I've configured ispconfig 3 in cluster mode, following the guide on how to forge. All works fine, but i've a problem with glusterfs. I've used 2 virtual machine on vmware esxi. The problem is that when i'll try to unplug the network for test failover both partition /var/www and /var/vmail become inaccessibile on both servers. Any idea about that?
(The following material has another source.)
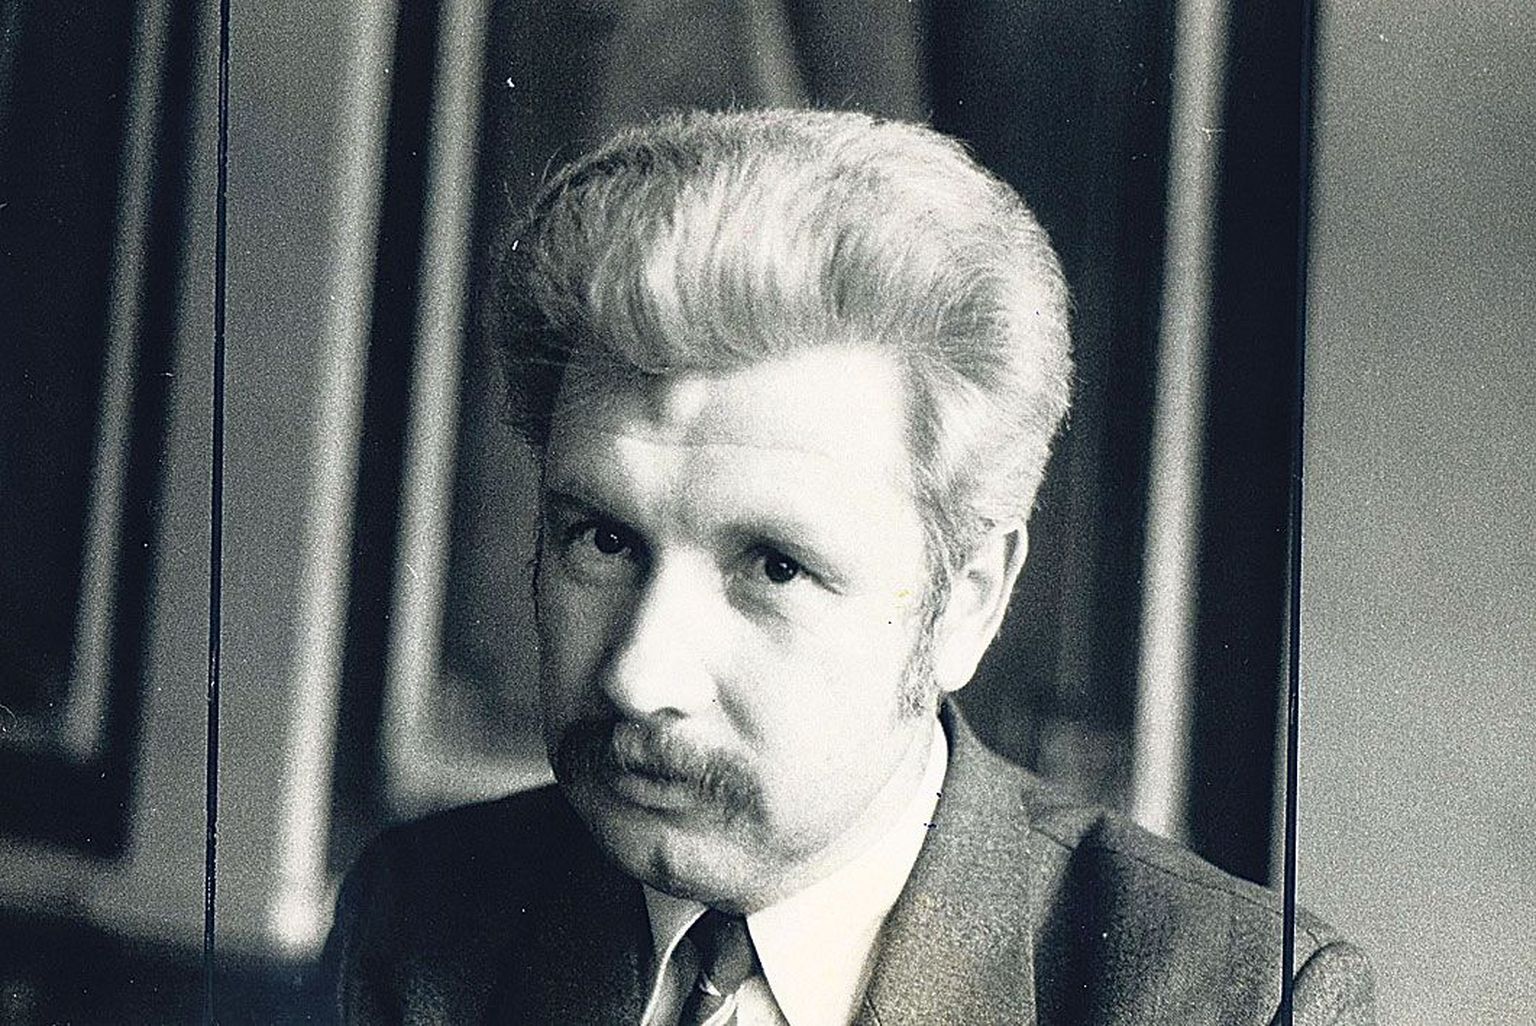 Olev Raju
Tartu linnavolikogu liige aastast 1989

Hi there i've two server 172.16.46.244 and 172.16.46.243, when i unplug the .243 in the logs i can't see anything. [2012-04-04 13:03:20] N [server-protocol.c:6788:notify] server: 172.16.46.243:1023 disconnected [2012-04-04 13:03:21] N [server-protocol.c:6788:notify] server: 172.16.46.243:1022 disconnected [2012-04-04 13:03:21] N [server-protocol.c:6788:notify] server: 172.16.46.243:1019 disconnected [2012-04-04 13:03:21] N [server-helpers.c:842:server_connection_destroy] server: destroyed connection of cluster02-777-2012/04/02-22:59:06:137852-remote1-vmail [2012-04-04 13:03:24] N [server-protocol.c:5852:mop_setvolume] server: accepted client from 172.16.46.243:1023 [2012-04-04 13:03:30] N [server-protocol.c:5852:mop_setvolume] server: accepted client from 172.16.46.243:1022 [2012-04-04 13:03:30] N [server-protocol.c:5852:mop_setvolume] server: accepted client from 172.16.46.243:1019 Seems something like that when i unplug the connection, gluster got a long timeout before he can recognize lost of connection, infact when i reconnect he recognize the disconnection and reastablish the connection. Is that true?
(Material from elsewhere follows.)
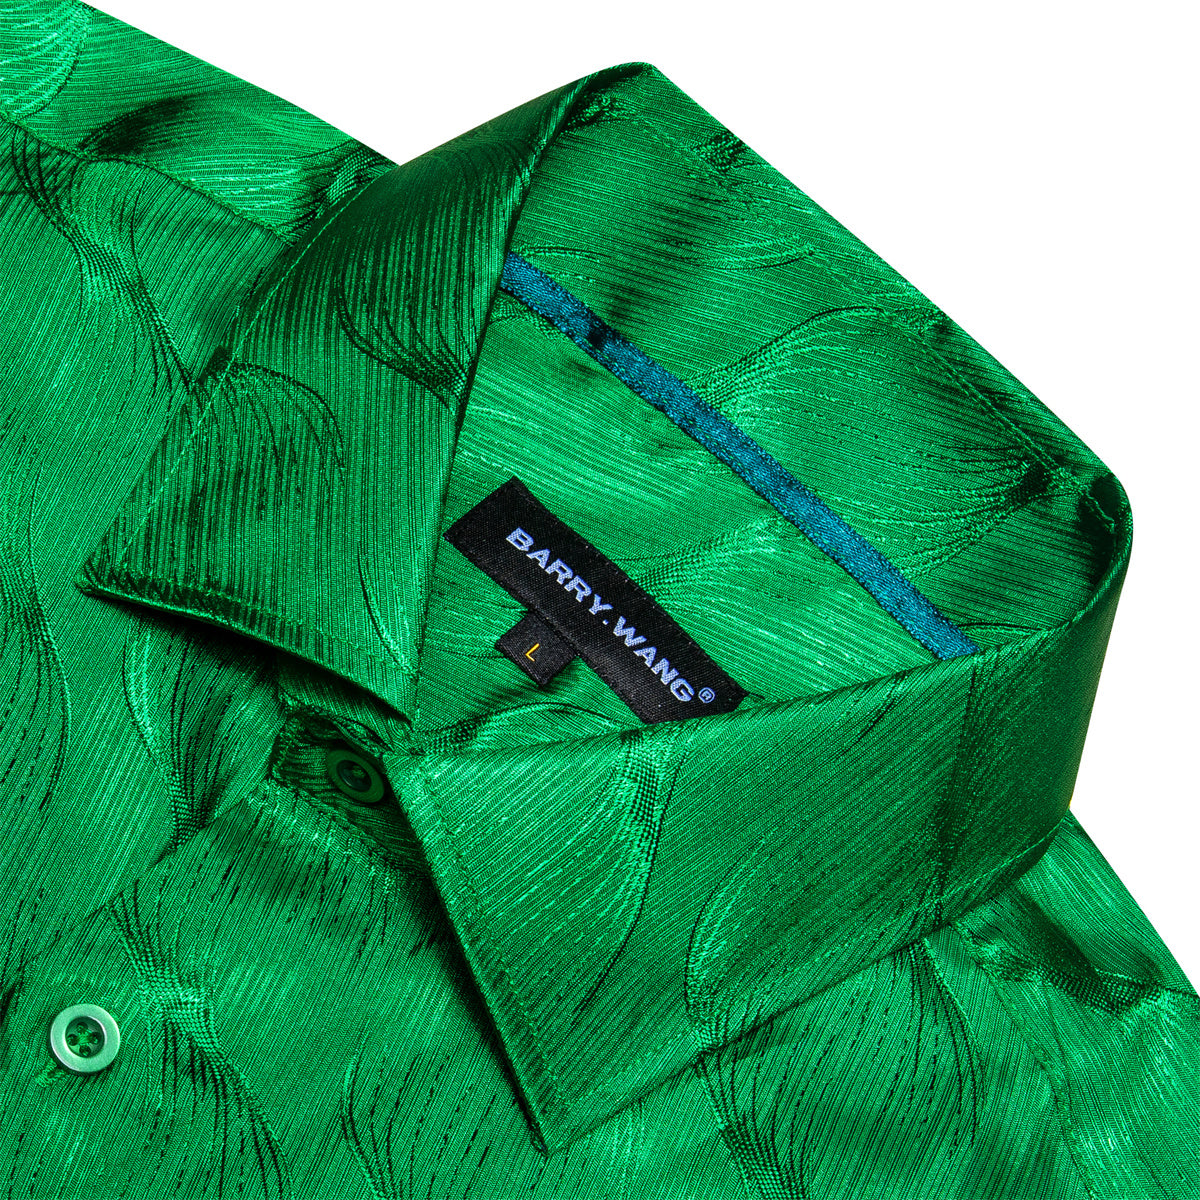 Barry.wang Cobalt Green Ripple Silk Men's Shirt

If you followed the tutorial, then glusterfs has two connections for each volume, one to the local server and one to the remote server. If you disconnect the remote server then gluterfs will use the connection to the local server to accessthe volume data, so the volume does not get disconnected. Maybe there is something wrong with your glusterfs config so that the volume runs on the remote connection only.
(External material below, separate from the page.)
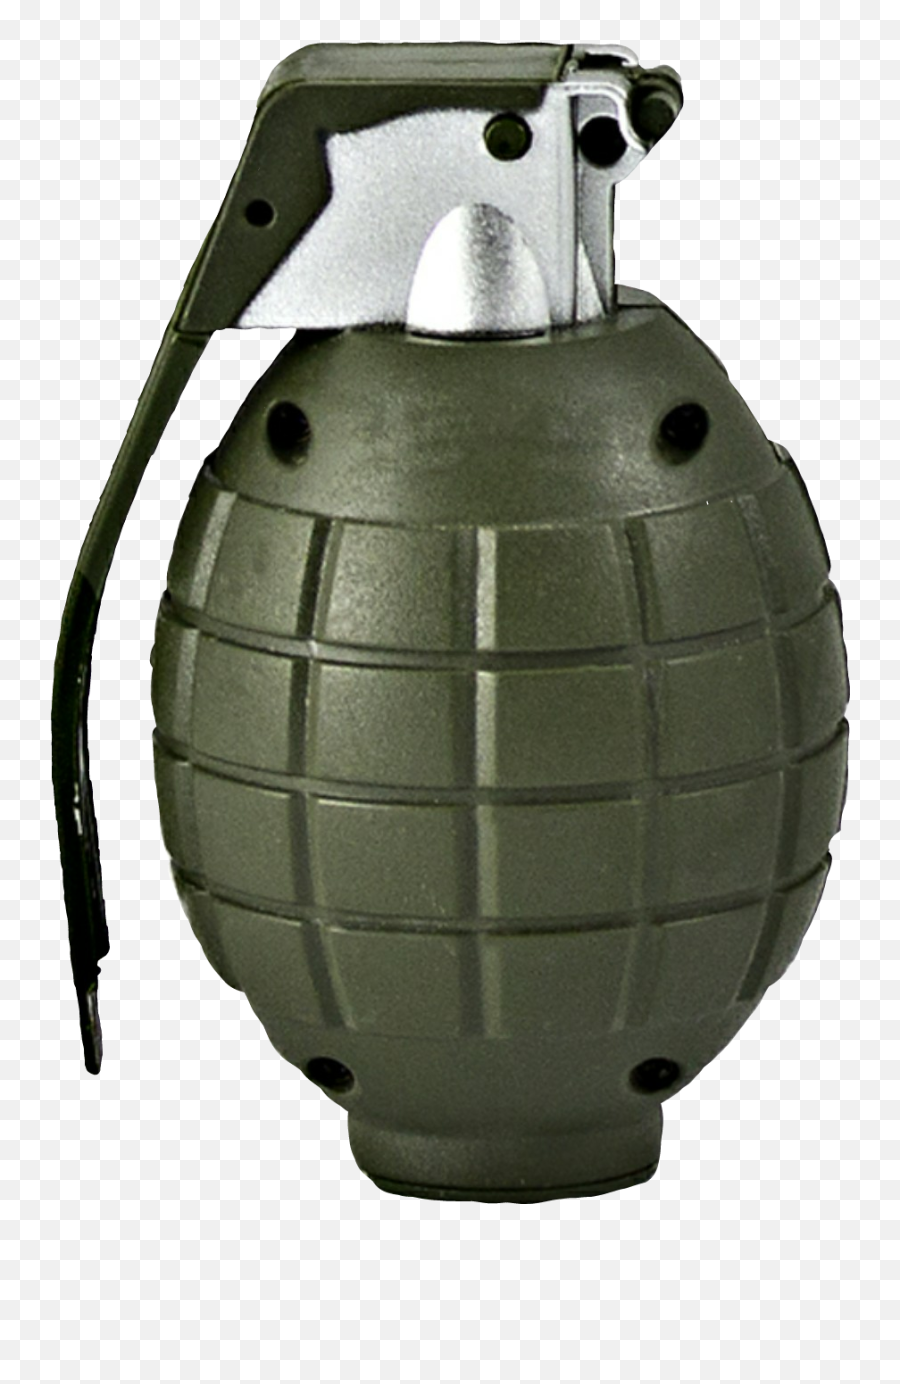 Grenade - Toy Hand Grenade Emoji,Grenade Emoji

Here are my two configs file glusterfsd.vol Code: # Configuration for the vmail server volume volume posix-vmail type storage/posix option directory /data/export-vmail end-volume volume locks-vmail type features/locks subvolumes posix-vmail end-volume volume brick-vmail type performance/io-threads option thread-count 8 subvolumes locks-vmail end-volume # Configuration for the www server volume volume posix-www type storage/posix option directory /data/export-www end-volume volume locks-www type features/locks subvolumes posix-www end-volume volume brick-www type performance/io-threads option thread-count 8 subvolumes locks-www end-volume # export all volumes volume server type protocol/server option transport-type tcp subvolumes brick-vmail brick-www # Authentification options for the vmail volume option auth.addr.brick-vmail.allow 172.16.46.244,172.16.46.243 option auth.login.brick-vmail.allow user-vmail option auth.login.user-vmail.password XXXX # authentification options for www option auth.addr.brick-www.allow 172.16.46.244,172.16.46.243 option auth.login.brick-www.allow user-www option auth.login.user-www.password XXXX end-volume glusterfs-www.vol Code: volume remote1-www type protocol/client option transport-type tcp option remote-host 172.16.46.244 option remote-subvolume brick-www option username user-www option password XXXX end-volume volume remote2-www type protocol/client option transport-type tcp option remote-host 172.16.46.243 option remote-subvolume brick-www option username user-www option password XXXX end-volume volume replicate-www type cluster/replicate subvolumes remote1-www remote2-www end-volume volume writebehind-www type performance/write-behind option window-size 1MB subvolumes replicate-www end-volume volume cache-www type performance/io-cache option cache-size 256MB subvolumes writebehind-www end-volume
Strange thing.... About 15 i've unplugged the host .244 after some minutes (may be 10-15 minutes) glusterfs on the .243 started to work correctly. The strange thing is that the online node (.243) had recognized the previous disconnection only 2 hourse later [2012-04-04 17:02:39] N [server-protocol.c:6788:notify] server: 172.16.46.244:1020 disconnected [2012-04-04 17:06:16] N [server-protocol.c:6788:notify] server: 172.16.46.244:1018 disconnected Whats' going on? Some Timouts? Retry? Something else?